WHAT TO WORK ON: Look below for the line that contains "官方旗舰店蓝啵啵水乳套装深层滋润修护保湿保湿护肤韩国详细照片", then copy it and each following line exactly, through and including the line that contains "Avantages Privés Guy Hoquet".

MATERIAL FOR THE TASK:
########################################

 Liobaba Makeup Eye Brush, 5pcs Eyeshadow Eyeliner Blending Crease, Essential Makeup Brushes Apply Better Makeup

########################################

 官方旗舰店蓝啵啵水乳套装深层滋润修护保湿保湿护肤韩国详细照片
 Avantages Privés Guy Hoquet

########################################

EXERCISE OUTPUT:
 官方旗舰店蓝啵啵水乳套装深层滋润修护保湿保湿护肤韩国详细照片
 Avantages Privés Guy Hoquet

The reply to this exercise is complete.